En realidad las llaves estaban dentro de mi bolso, pero, visto que me estaba empapando incluso bajo la pequeña entrada, prefería no ponerme a rebuscar en aquel universo paralelo que era mi shopper las llaves del portal.

Oí un gruñido por parte de la vecina del segundo y presidenta de la comunidad antes de que se desbloqueara la puerta de cristal y hierro forjado y, con una sonrisa, entré en el vestíbulo de mi edificio, el cual, desde que llegué, olía a humedad, hubiera o no hubiera llovido.

Tomé el primer tramo de escaleras a la vez que intentaba recolocar el bolso sobre mi hombro y, cinco pisos después, todavía no lo había conseguido. Malditas contracturas cervicales.

Saqué mis llaves, unidas por aquel llavero que yo misma me hice con la herradura de un caballo blanco del establo que pertenecía al ex amante de mi madre, que siempre me había traído suerte.

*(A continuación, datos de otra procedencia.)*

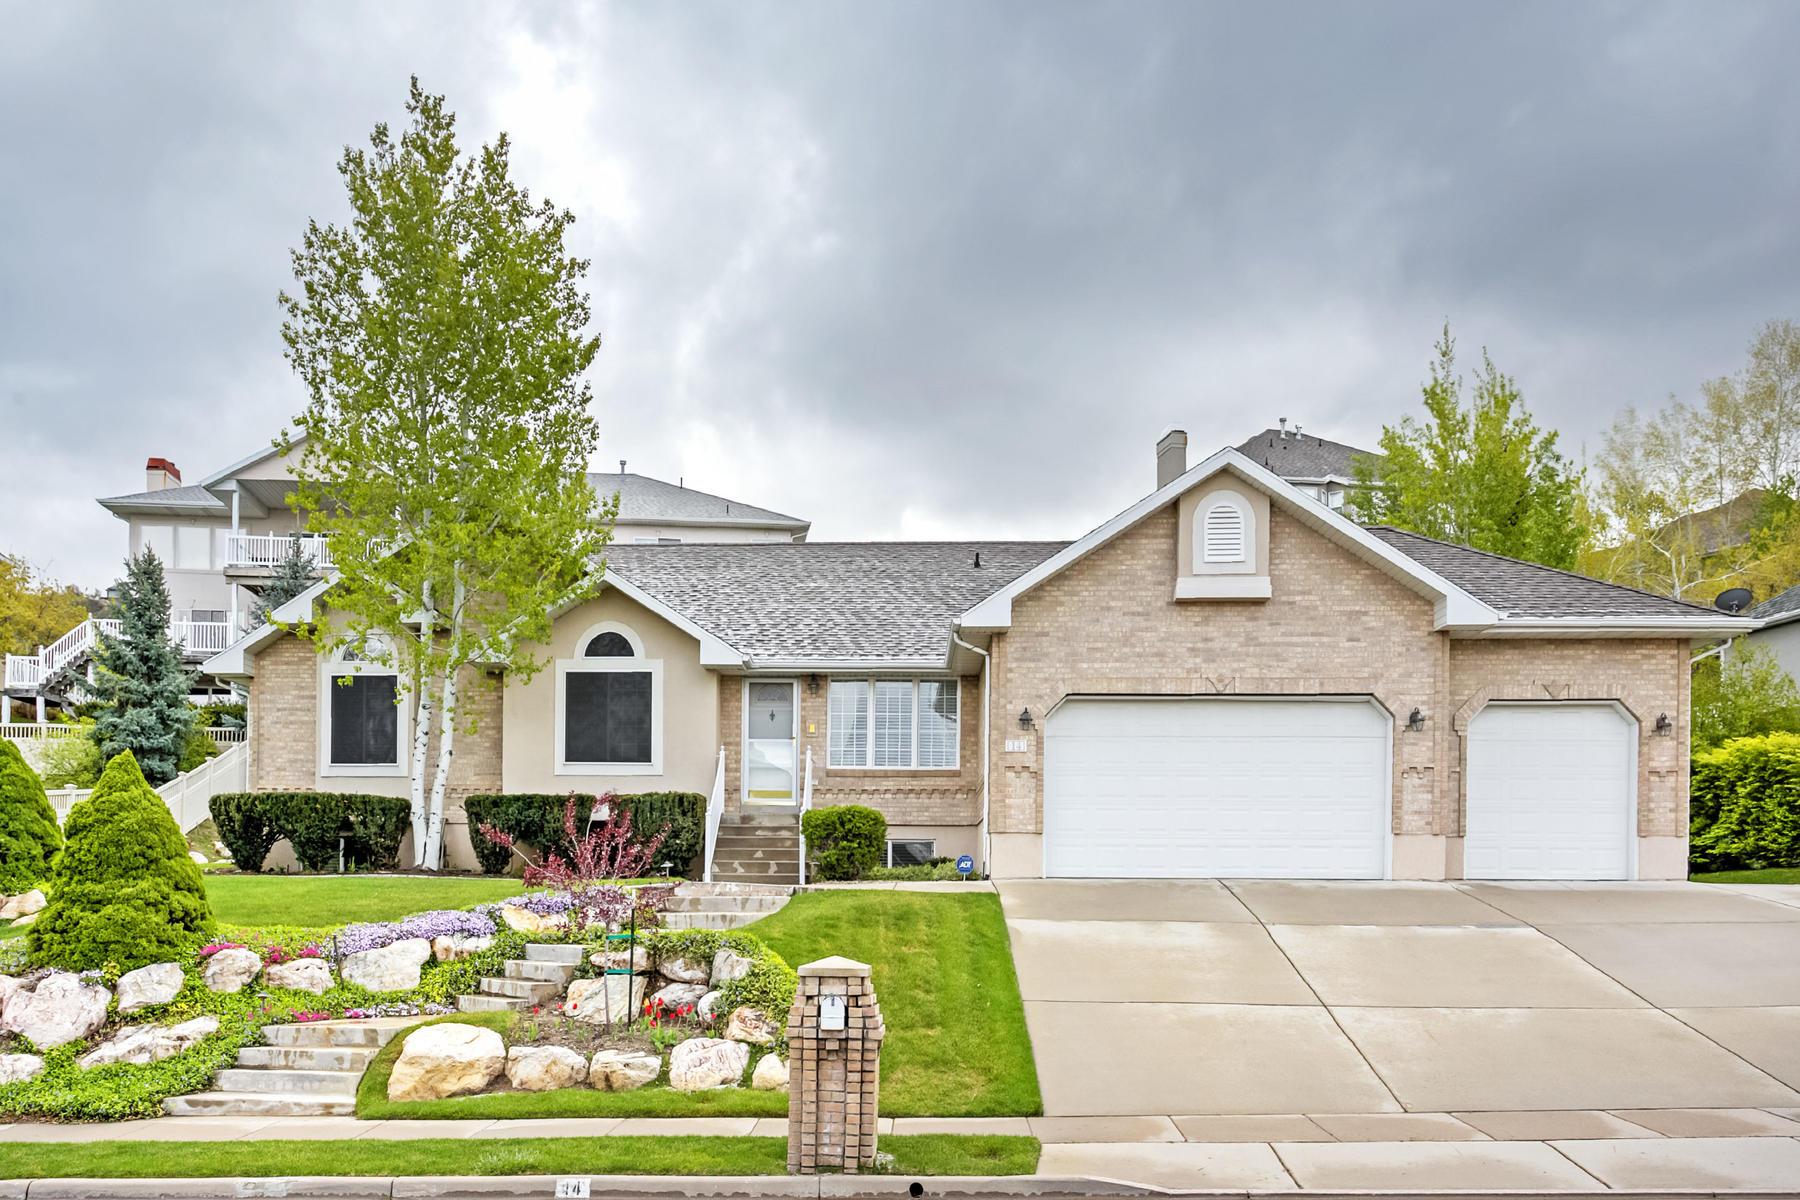 Maison unifamiliale pour l Vente à Custom Built Home in Eaglewood 14 N Fairway Dr North Salt Lake, Utah, 84054 États-Unis

Pesaba bastante y tal vez era culpa suya en parte que el bulto muscular que había en mi hombro derecho nunca se curara, pero, como siempre decía mi libro, el "Manual para gafes", la buena suerte se trabaja y por eso yo me había currado un montón aquel pesado llavero.

Conseguí entrar en casa un par de segundos después, los mismos en los que tardé en quitarme aquella blusa empapada y mis pobres botines favoritos, los cuales no volvería a ponerme hasta asegurar la previsión de día soleado.

Llegué a mi habitación descalza y con el lazo de mis pantalones deshecho y solté sobre el suelo la ropa que llevaba entre las manos antes de quitarme el sujetador en un rápido movimiento, probablemente el más satisfactorio de todo el día.

Logré quitarme los pantalones y lo que me quedaba de ropa interior y corrí, acto seguido, hacia la ducha.

El agua tibia empezó a correr por mi cuerpo, llenándome de satisfacción, aunque no me di el placer de deleitarme demasiado tiempo con aquel baño.

Rodeé mi cuerpo desnudo con una suave toalla blanca y, echándome un último vistazo en el espejo para cercionarme de que mi pelo había dejado de parecer la cola de mi ardilla con una descarga eléctrica, volví a mi habitación.

Salté por encima de la ropa mojada y aparté las cortinas que ocultaban la puerta de cristal a mi terraza para levantar las persianas pocos segundos después, permitiendo que la escasa luz solar inundara mi habitación por costumbre desordenada.

Desbloqueé la puerta para hacerla correr ligeramente y que el fresco aire de aquel día tormentoso ayudara a ventilar mi pequeño apartamento.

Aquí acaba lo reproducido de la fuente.